---------- Input data ----------

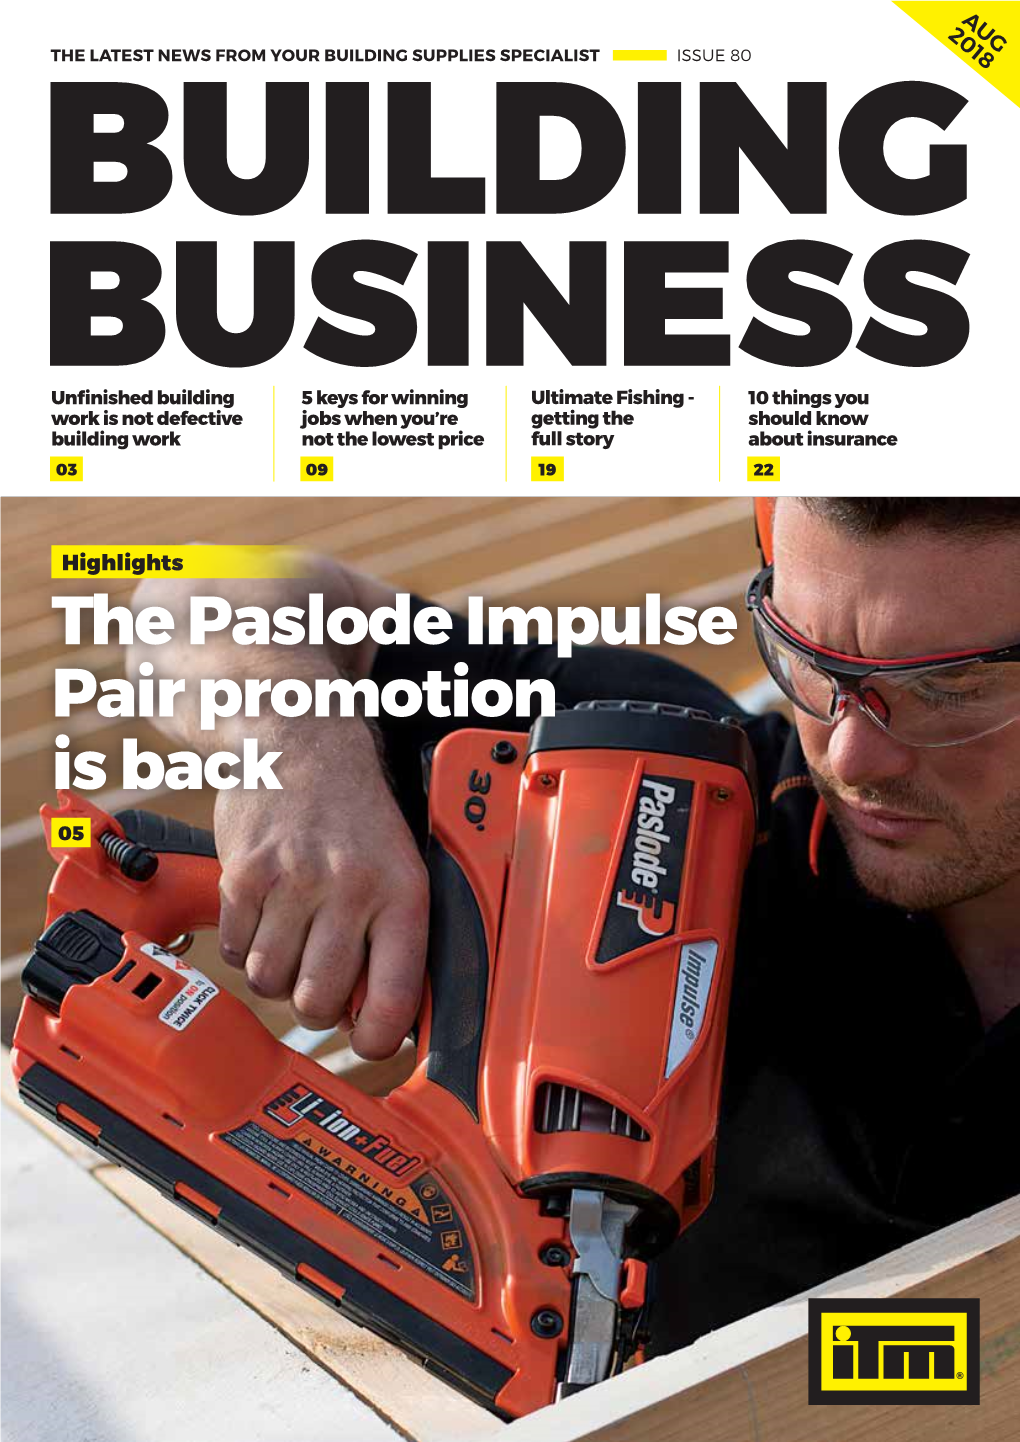 The Paslode Impulse Pair Promotion Is Back 05 ISSUE 80: AUG 2018
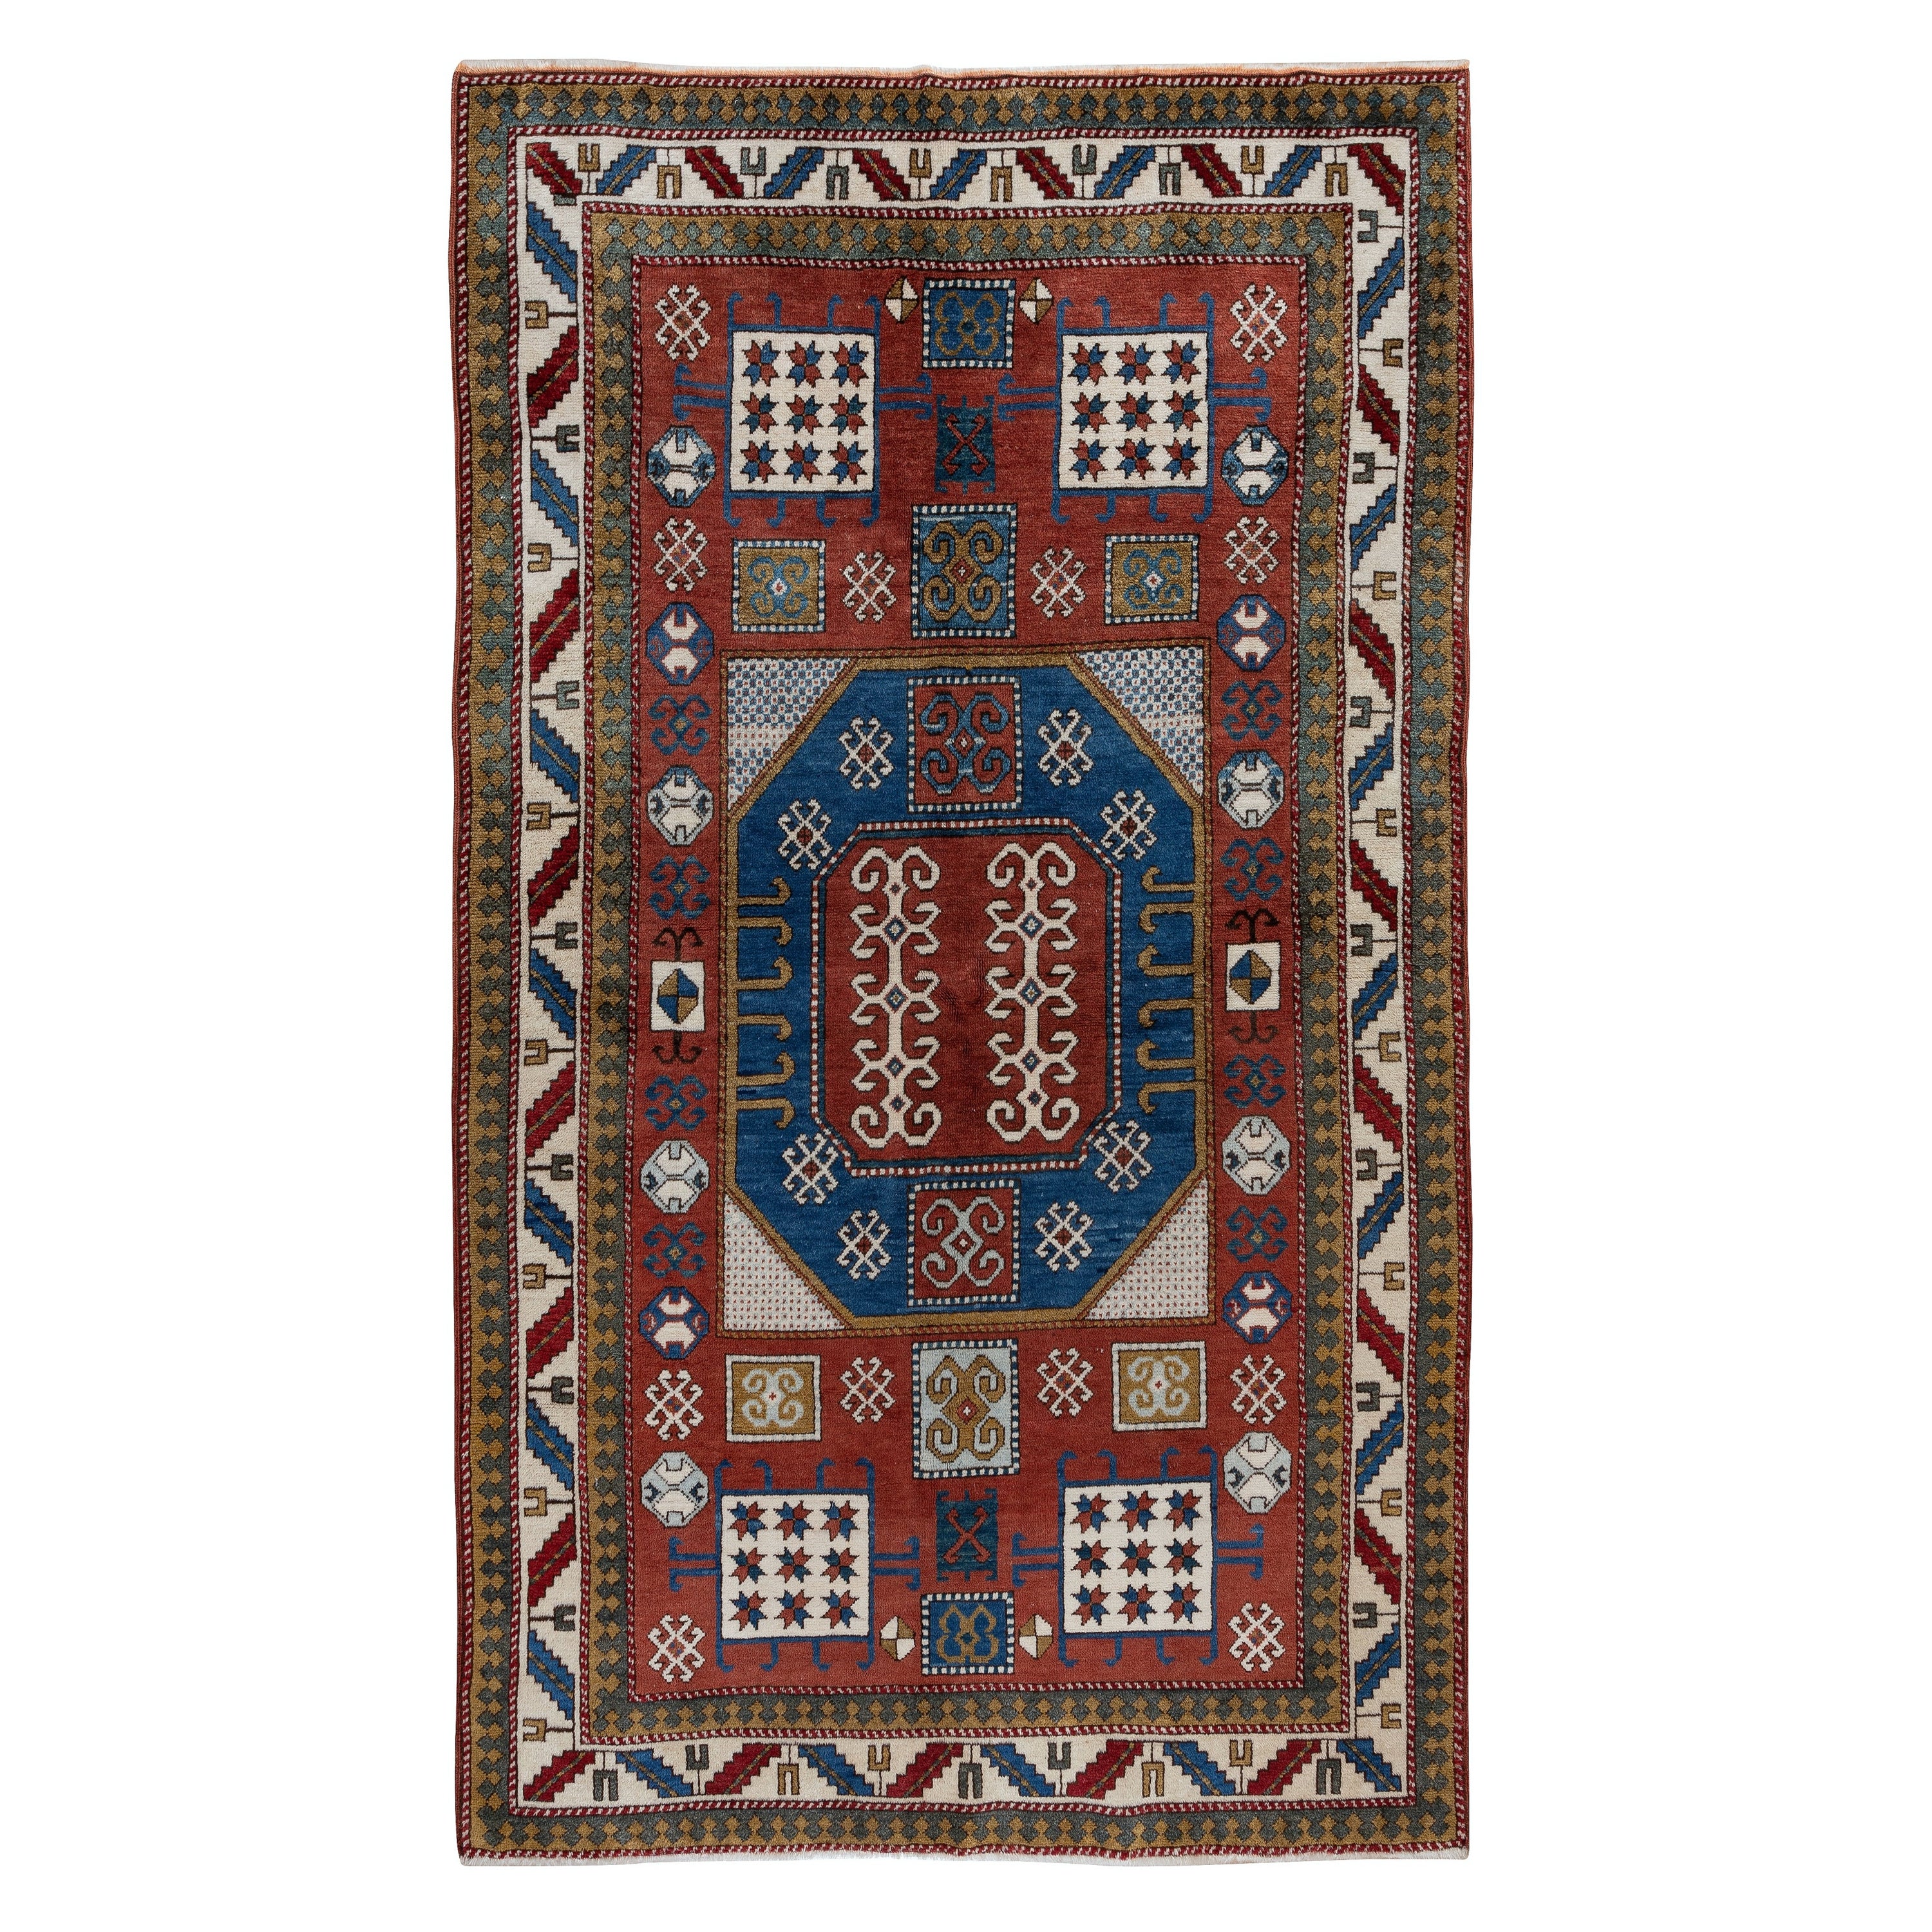 4.6x8 Ft Brand-new Hand-Knotted Caucasian Kazak Area Rug, All Wool For Sale
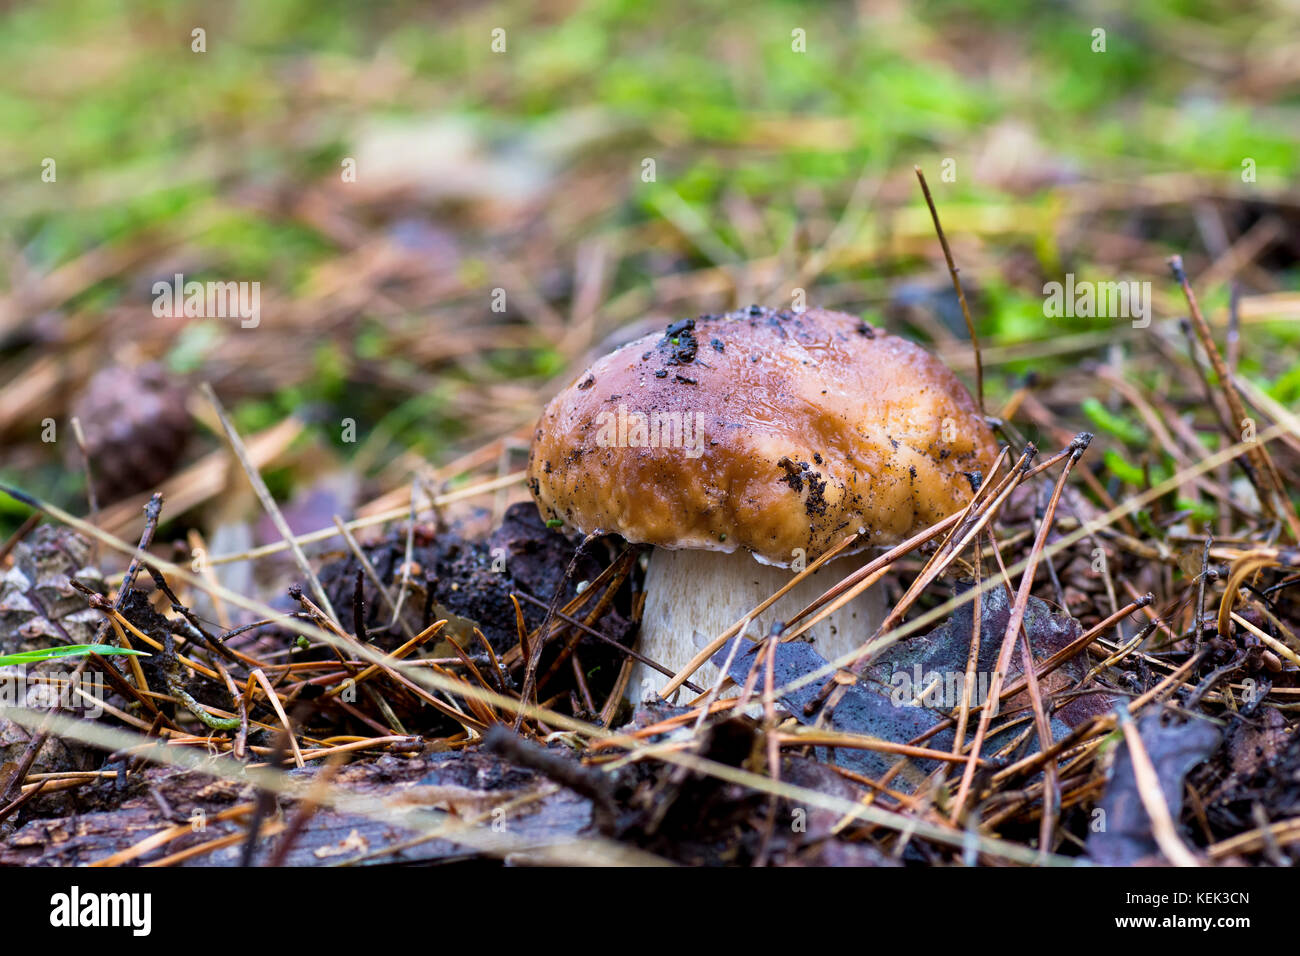 Close-up photo of a mushroom with drops of dew on moss and between a needle in a forest in an autumn day with a blurred background Stock Photo

----------

(Assignment)
A verbatim copy of the listing is required, with all pictures left out.

(Completed task)
 The Paslode Impulse Pair Promotion Is Back 05 ISSUE 80: AUG 2018
 4.6x8 Ft Brand-new Hand-Knotted Caucasian Kazak Area Rug, All Wool For Sale
 Close-up photo of a mushroom with drops of dew on moss and between a needle in a forest in an autumn day with a blurred background Stock Photo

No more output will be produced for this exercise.